The legislature’s reaction to this affordable housing crisis has been to seek ways to increase housing construction, compelling local governments to lift zoning restrictions and allow the construction of accessory dwelling units and taller, denser developments near mass transit lines. And most significantly, it has essentially put an end to single-family zoning, which, advocates argue, has not only driven up property values and rents, but has been a major instrument in the promulgation racial inequality.
People have argued, often vociferously, over the question of whether these new initiatives will actually increase the supply of affordable housing for those who most need it, or whether they are an unwarranted gift to developers and the construction industry. What can’t be argued, however, is that debating ways to increase affordable housing while resisting any significant reform to laws that enable the destruction of affordable housing is an appalling irony.
Efforts to repeal the Ellis Act and the Costa-Hawkins Act have gone nowhere. A few modest reforms to the Ellis Act have been approved over the years, but the latest, an amendment designed to slow down use of the Ellis Act by real estate speculators, has fallen short, albeit by only a handful of votes. That amendment, which bars an owner from invoking the Ellis Act to evict tenants of rent-controlled units within five years of buying a property, was supported by a wide range of tenant and housing advocacy groups, but opposed by organizations with lobbying clout like the California Apartment Association and the California Rental Housing Association.

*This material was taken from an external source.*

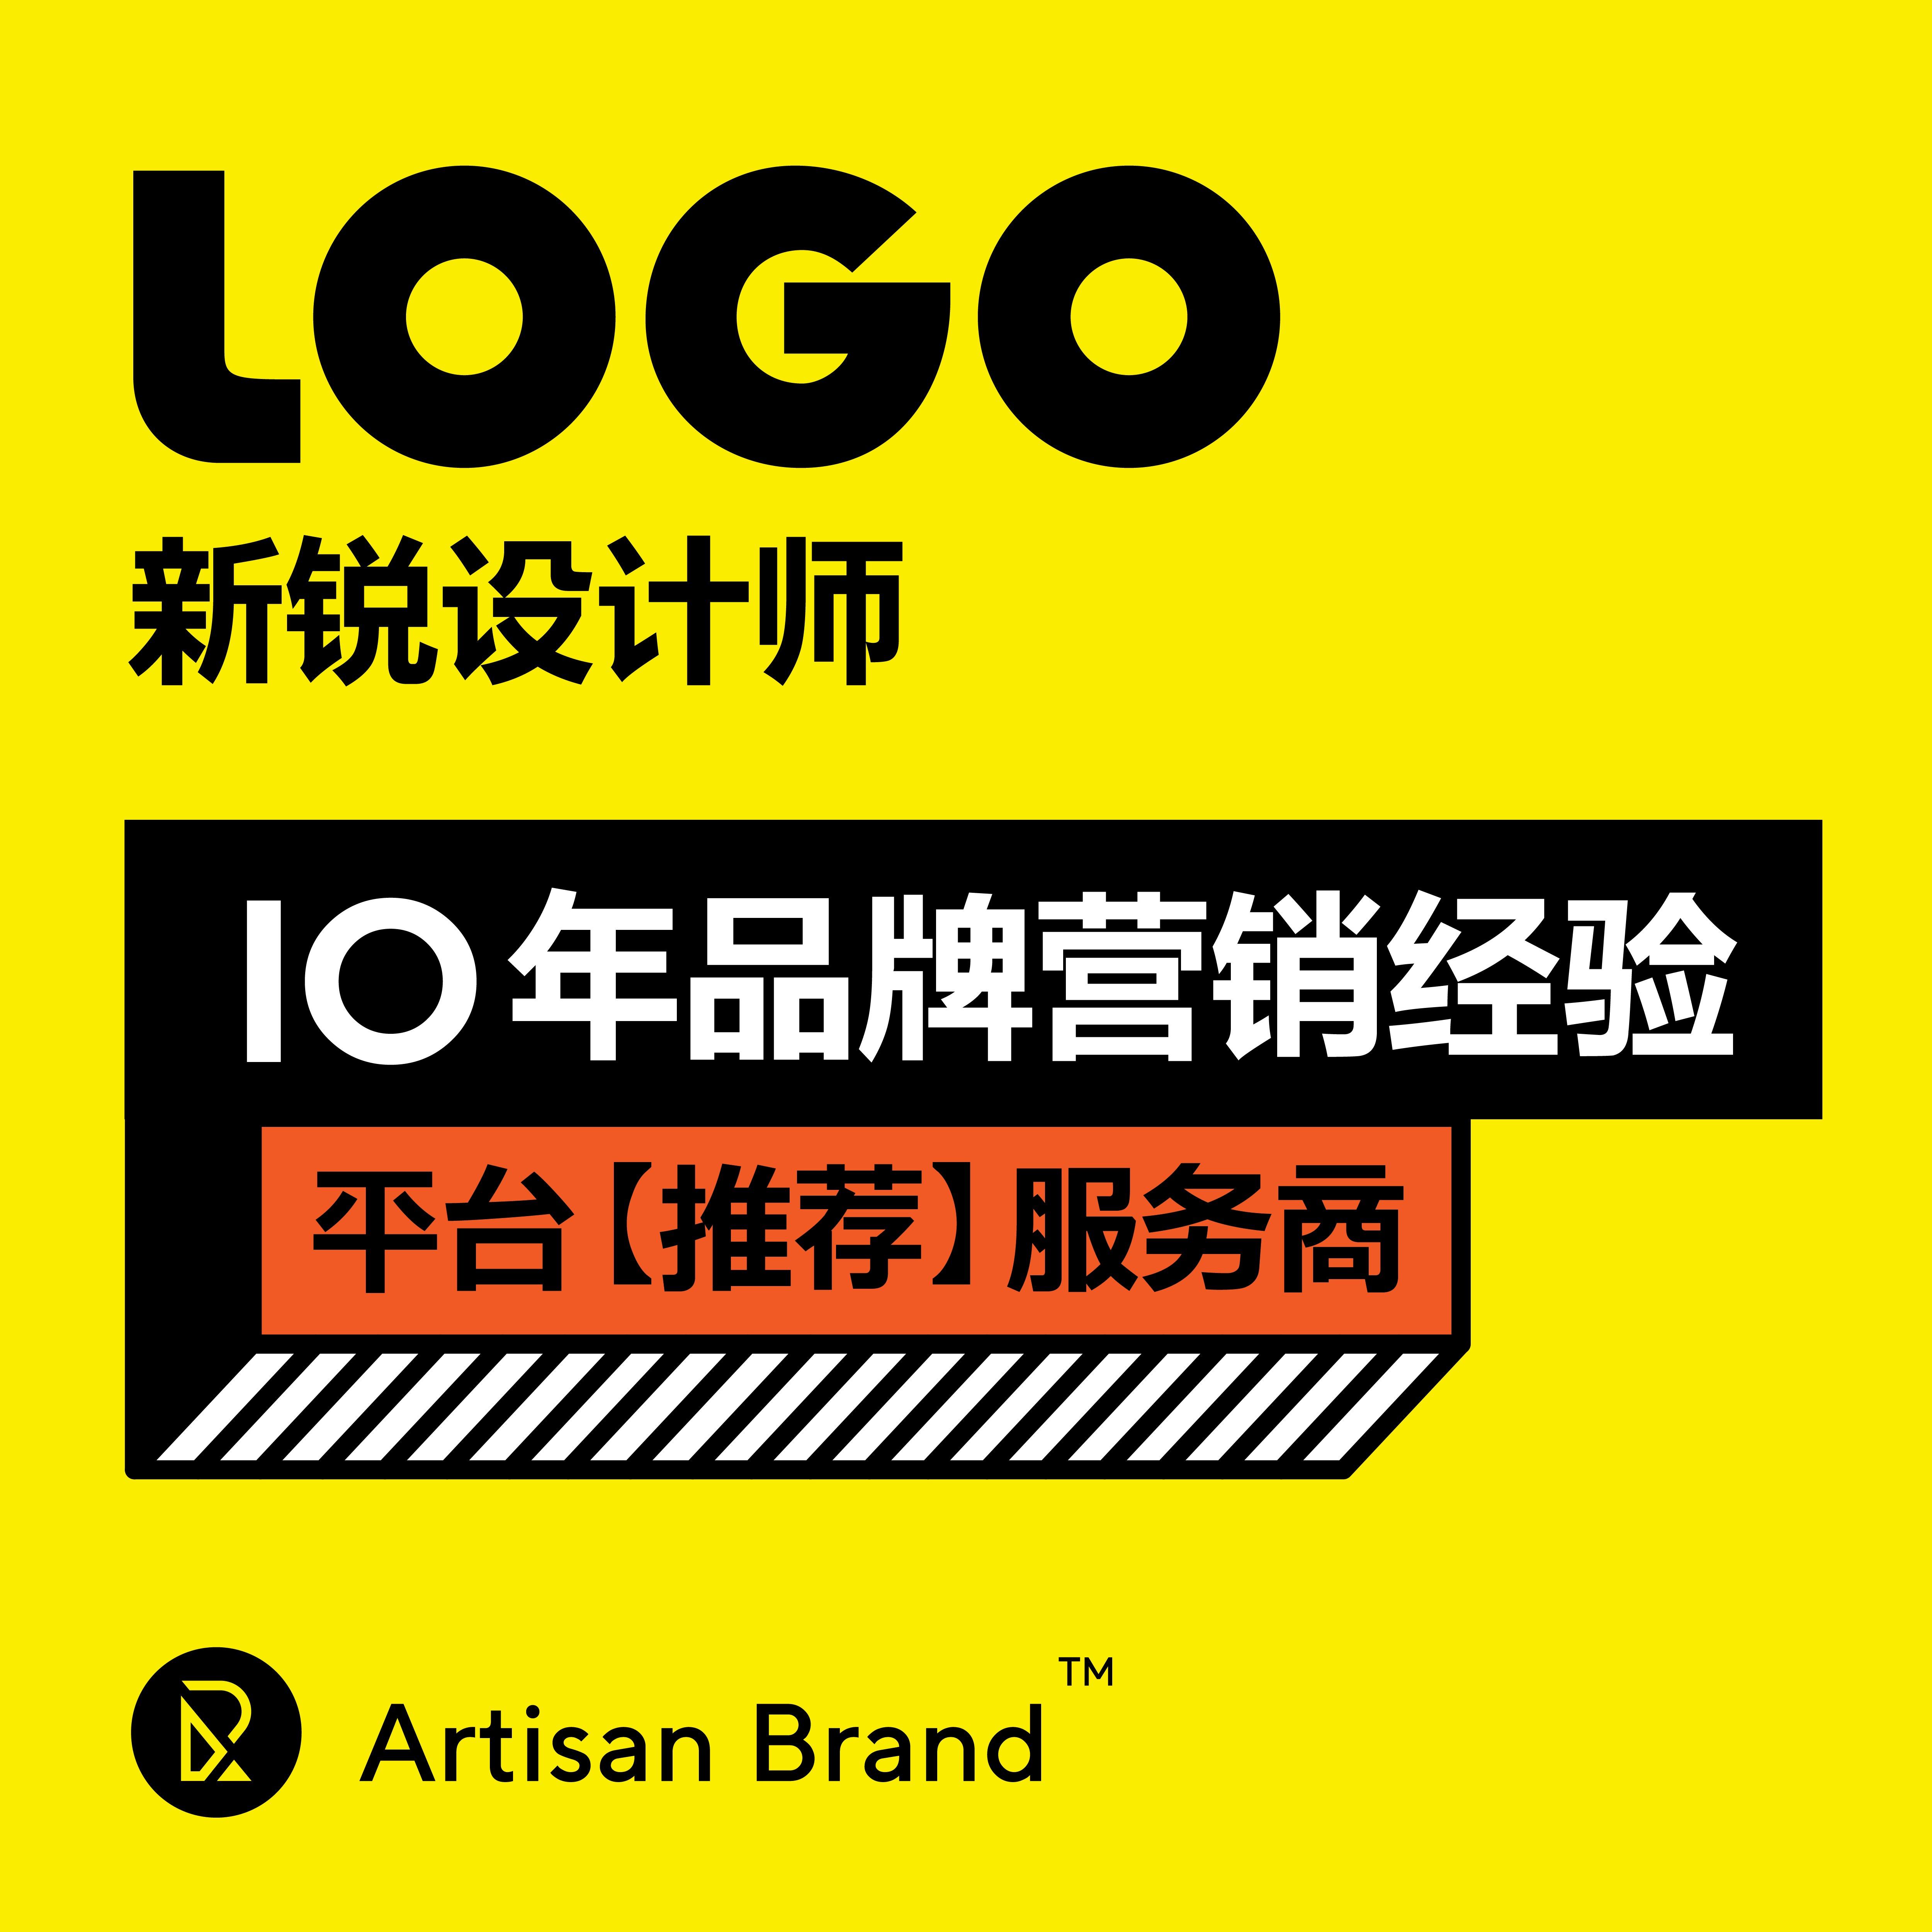 【成交1288次】logo 设计 公司企业标识餐饮教育母婴零售
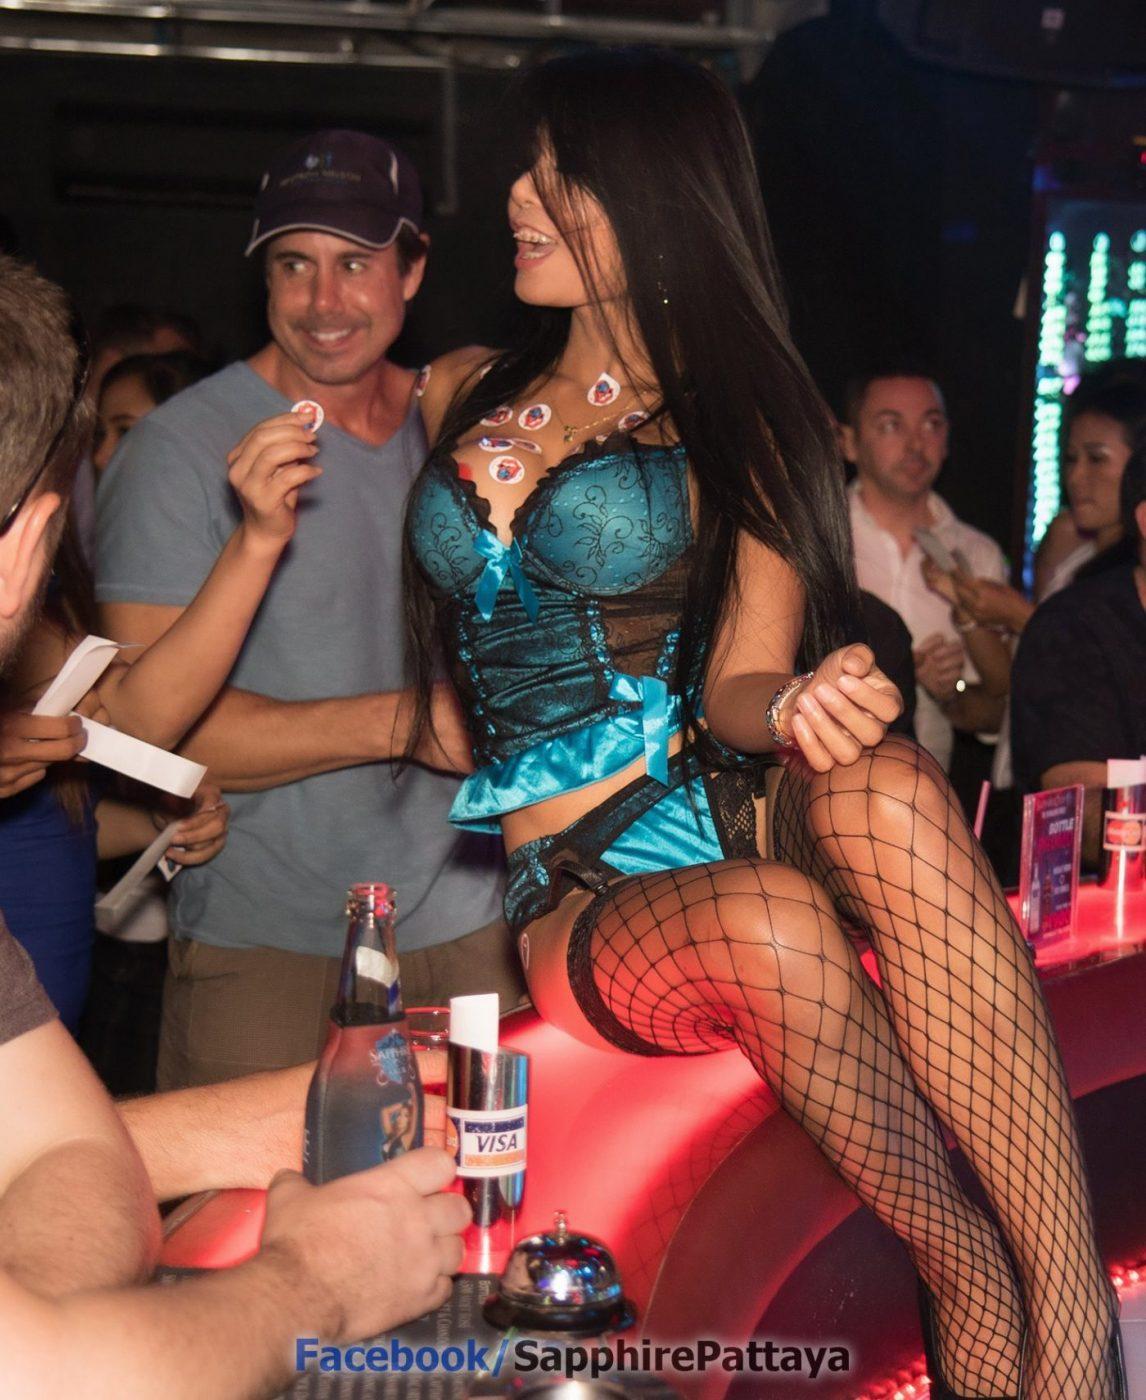 Самое важное в тайском гоу-гоу баре

Another irony of the Ellis Act is that it was touted during the original debate as a way to keep cities like Santa Monica from forcing “Mom and Pop” owners to stay in the rental business when they wanted to retire or otherwise free themselves from the rigors of being landlords. In practice, the law has been regularly invoked by deep-pocketed corporate developers, including a Colorado-based real estate investment trust that at the time was the largest owner and manager of apartments in the United States.
Could the Ellis Act be amended to actually protect “Mom and Pop” landlords while putting the brakes on corporate entities looking to boost their profit margins by converting apartments to condominiums or redeveloping properties into luxury rentals? Could the Costa-Hawkins Act be amended to allow some form of vacancy control for affordable units? And even some form of rent control on newly-constructed units, perhaps along with incentives for the landlords?
I can’t answer these questions with the kind of fact-based analysis needed to support specific measures. But I do know that legislators should be taking a long, hard look at questions like these, and stop telling themselves that they can seriously ease the state’s affordable housing crisis while these laws, as they now stand, are on the books.